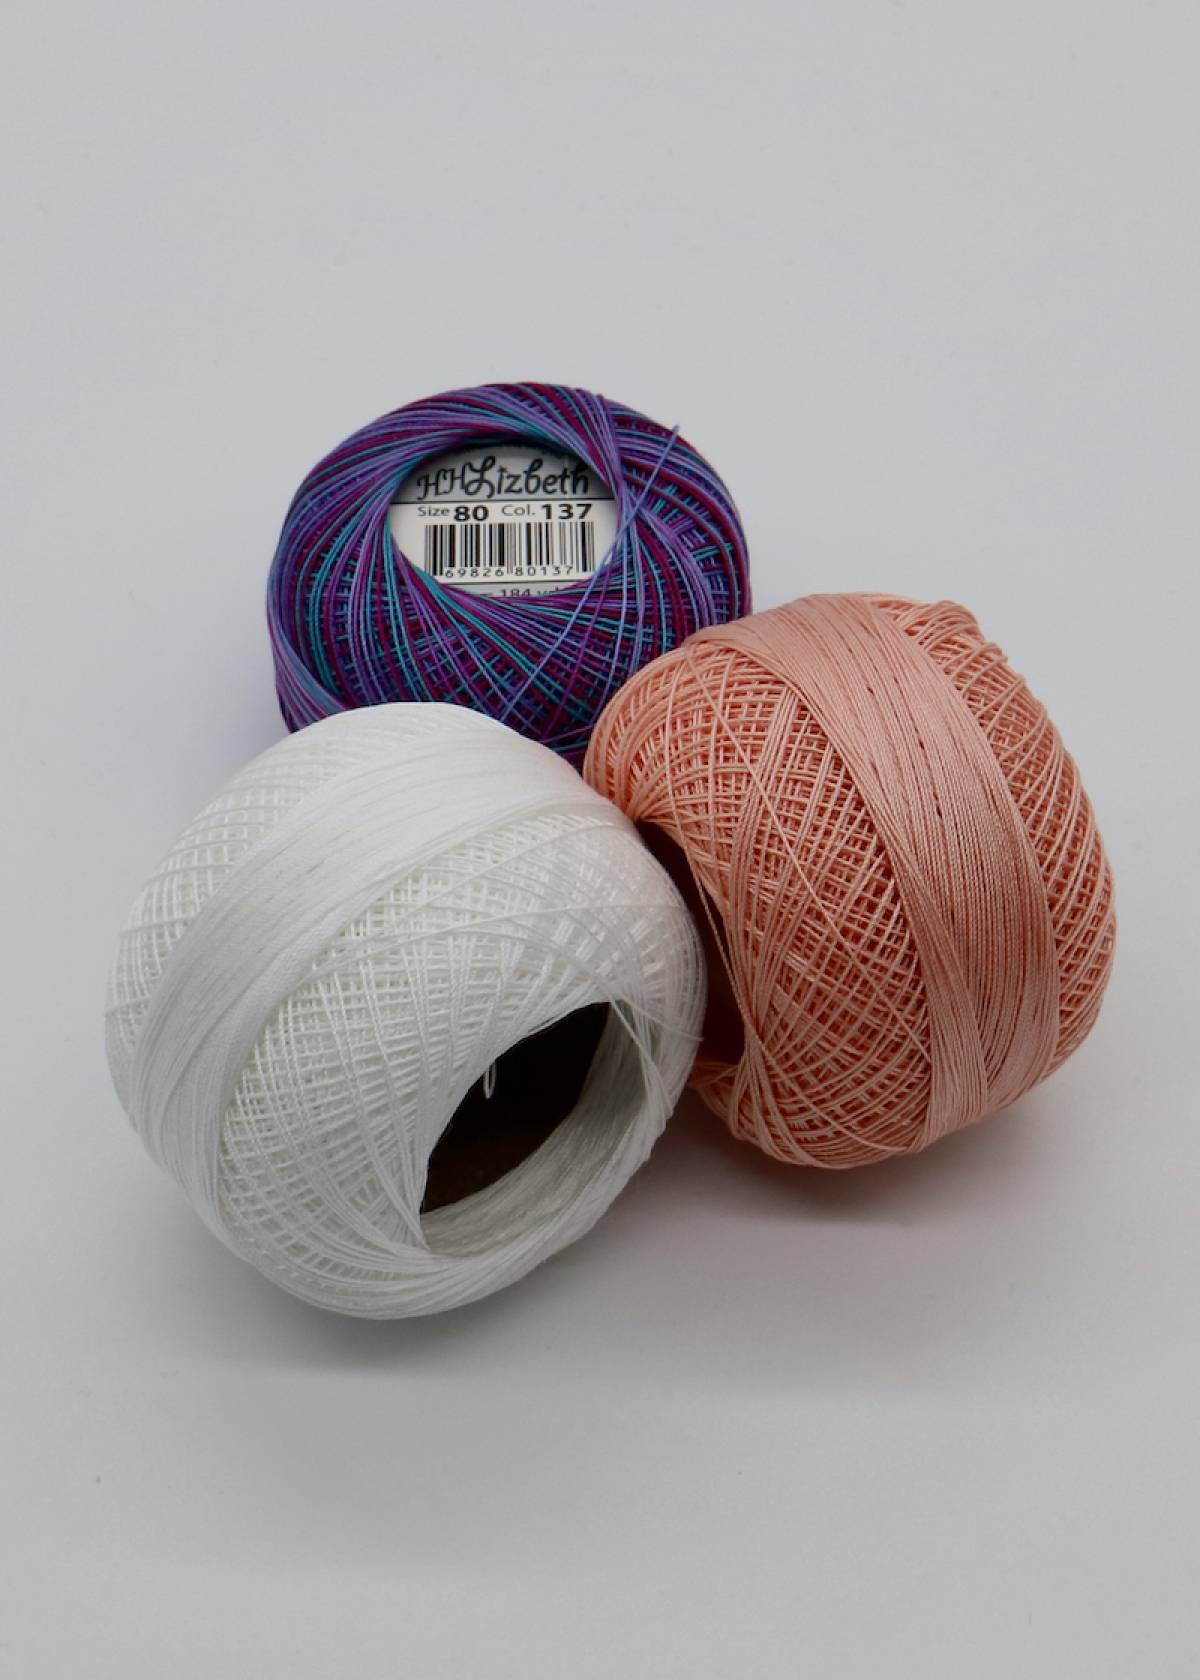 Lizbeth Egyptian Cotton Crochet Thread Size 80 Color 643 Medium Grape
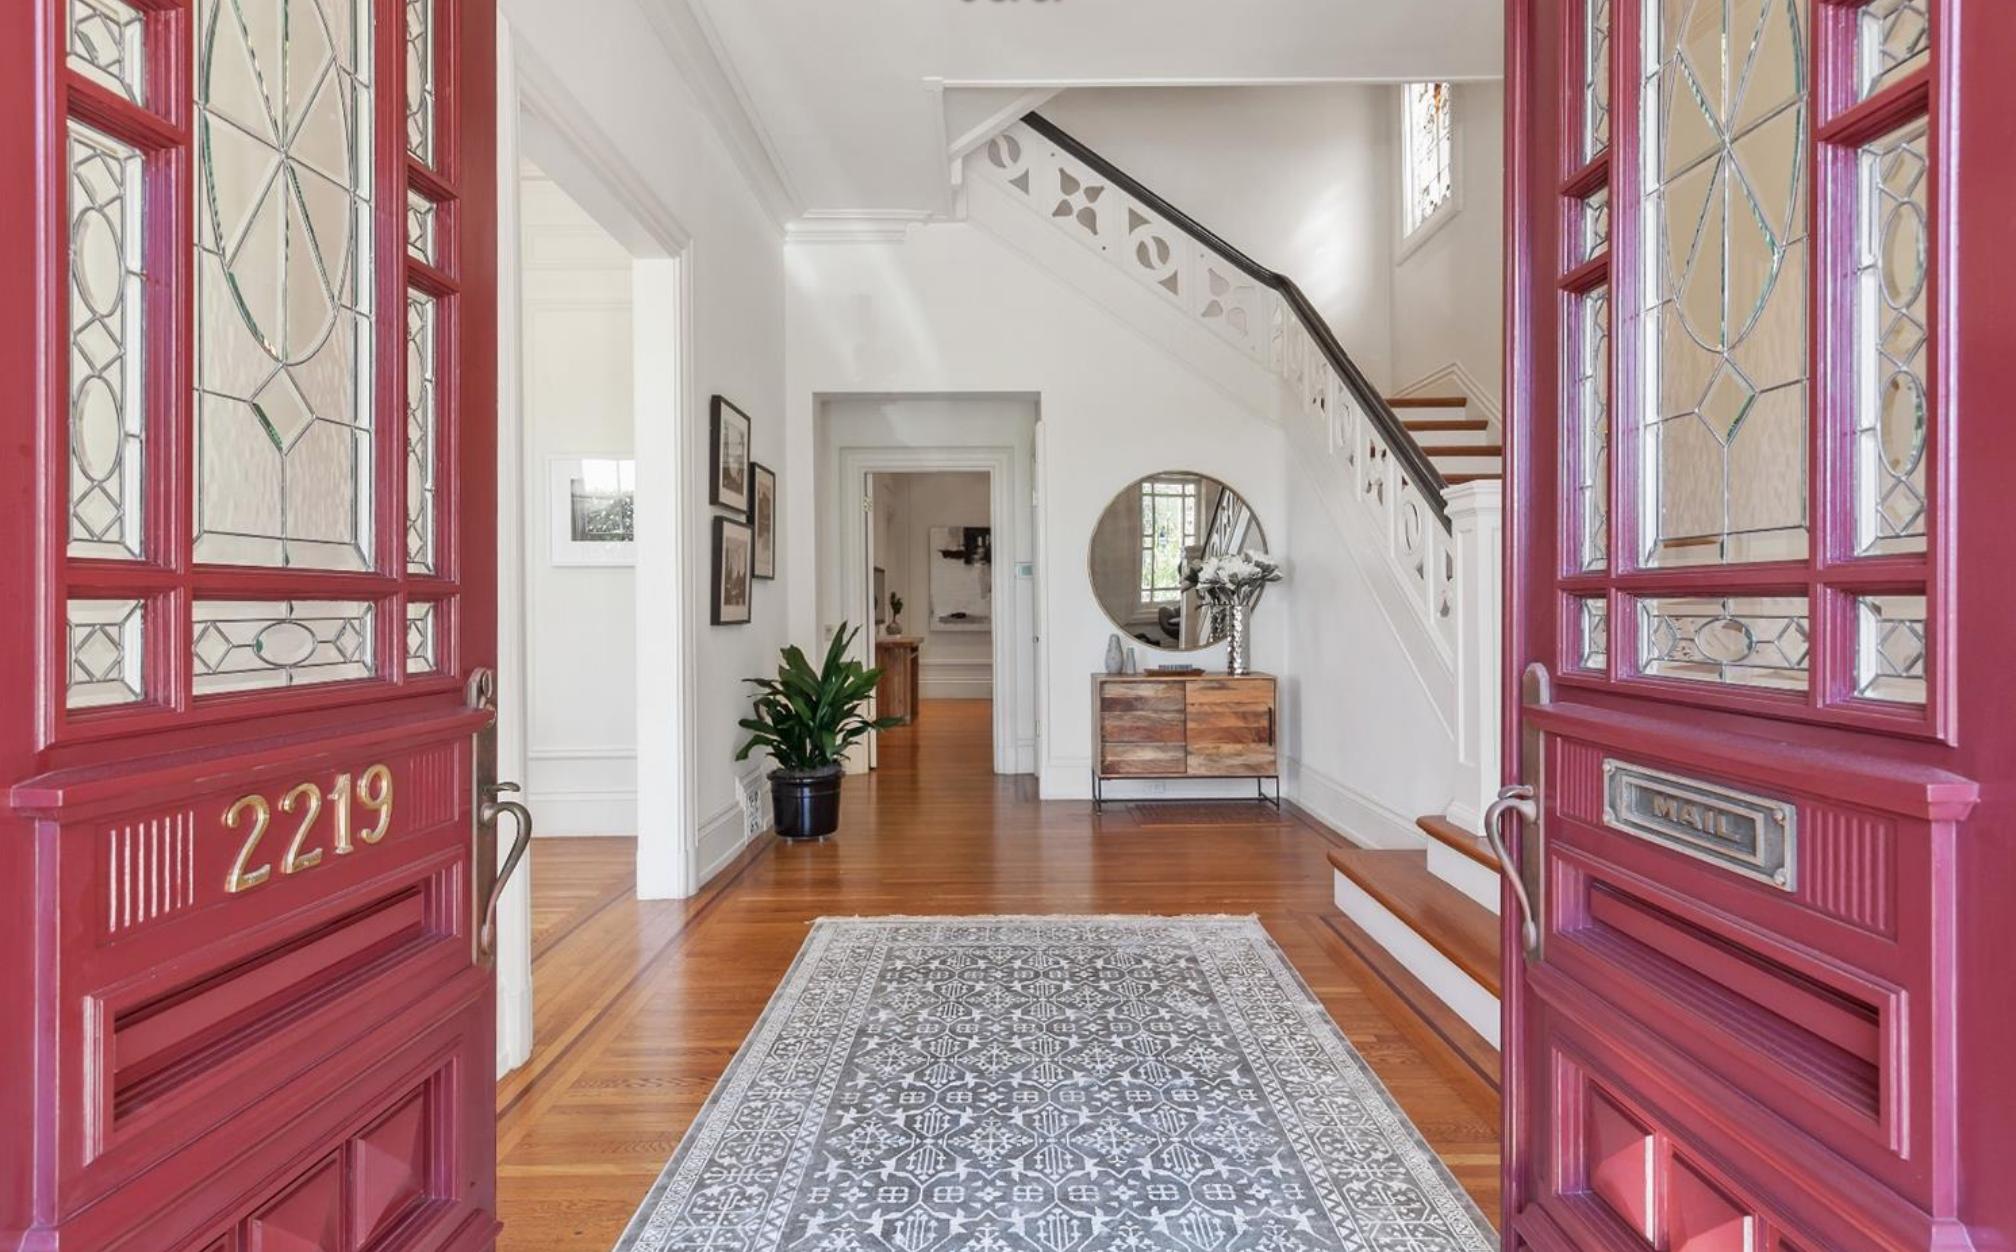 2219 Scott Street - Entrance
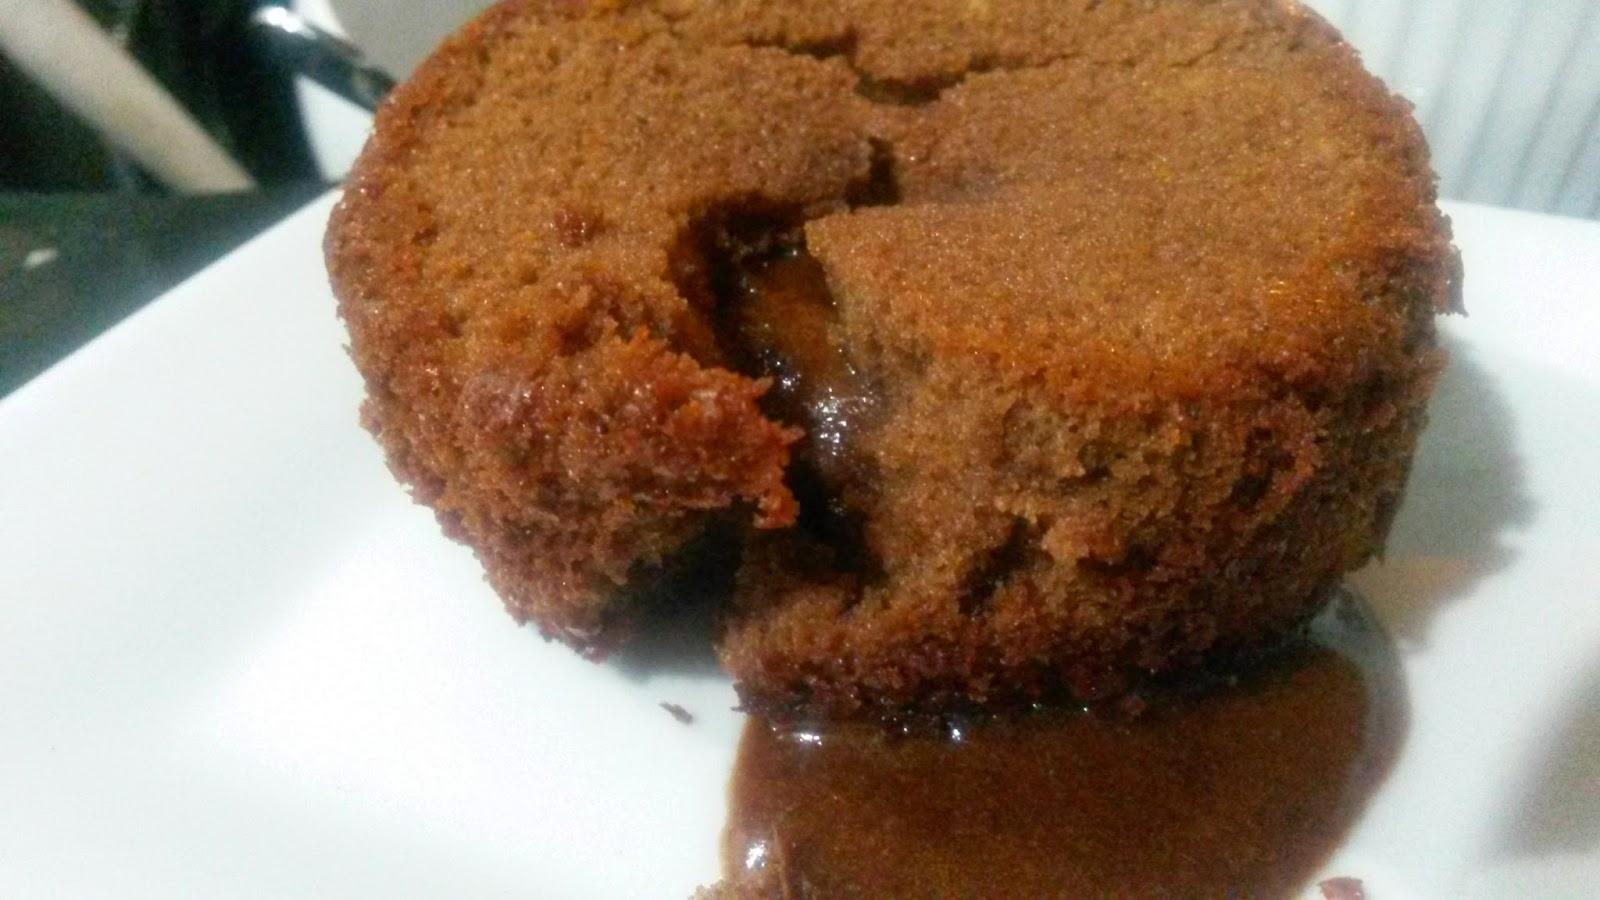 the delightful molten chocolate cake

> **WHAT THE TASK REQUIRES**
Retype the line containing "2219 Scott Street - Entrance" and all lines after it to the end of the material, exactly as written, leaving out any pictures.

> **YOUR SOLUTION**
 2219 Scott Street - Entrance
 the delightful molten chocolate cake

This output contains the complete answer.